Source: JMD, personal communication.
First, despite the history of stigma related to opioid use and addiction, the opioid crisis in the early 2000s garnered widespread societal interest in identifying solutions. The research team attributes some of their success to “being in the right place at the right time because then there was this explosion of the opioid epidemic in the middle of us looking at [NAS].” In addition, as opioid use increased among Caucasians (to a greater extent than Blacks and Hispanics) [12] and therefore “became more pervasive in households that had the ability to have a voice about it,” societal awareness and interest in addressing the issue increased, resulting in significantly more funding for the research. Changes in how providers, patients, and communities feel about opioid use disorder also potentially supported the feasibility of the case; one team member shared, “…it has taken a lot of cultural shift and acceptance of this as a disorder, not only in the healthcare community but also in the local communities.”

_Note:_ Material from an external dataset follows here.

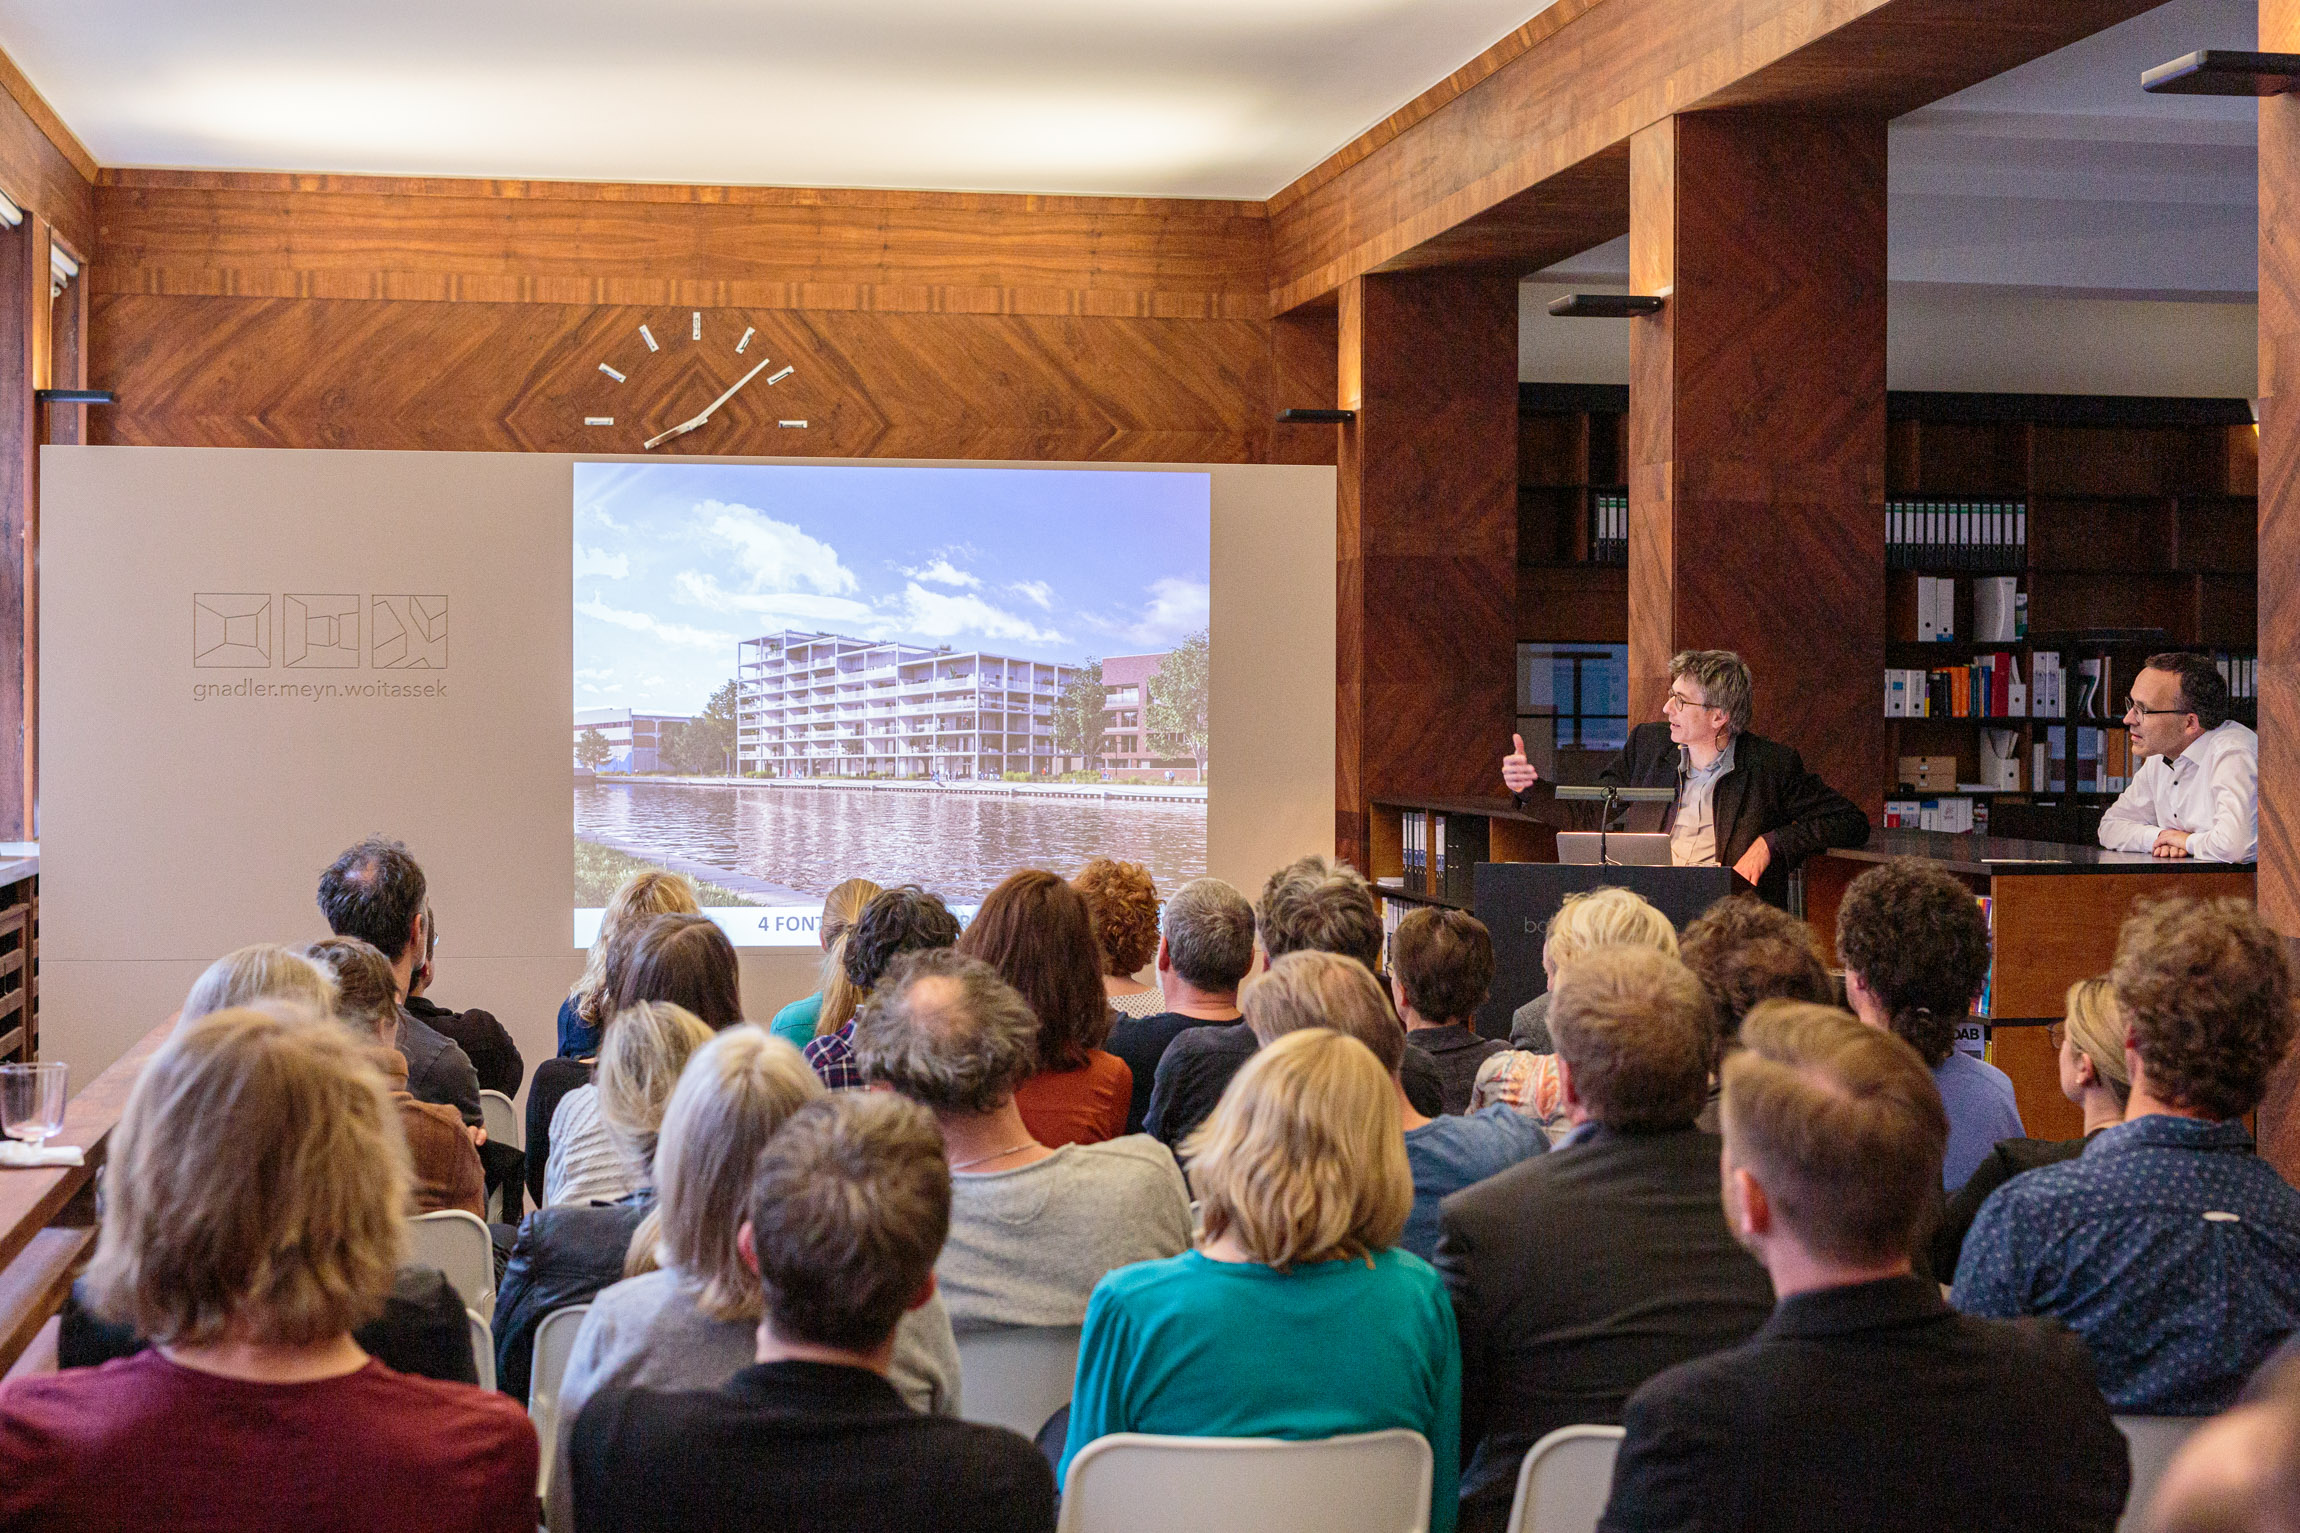 Erstes bank[d]ruecken mit dem Atelier Kempe-Thill aus Rotterdam

Second, effective interdisciplinary teams were crucial to achieving research success. Team members for the methadone-related clinical trial included investigators with expertise in neonatology, neurodevelopment, genomics, and pharmacy; site PIs and coordinators with expertise in conducting clinical trials; two statisticians for research design and data analysis; and an off-site company assisting with randomization and data management. Team members described mutual respect for each other’s areas of expertise. For example, the lead investigator credited “a great deal [of his] success” to the statisticians on the team, and a statistician described the lead investigator as valuing statistical input: “And they did listen to us … I felt like I had something to contribute.”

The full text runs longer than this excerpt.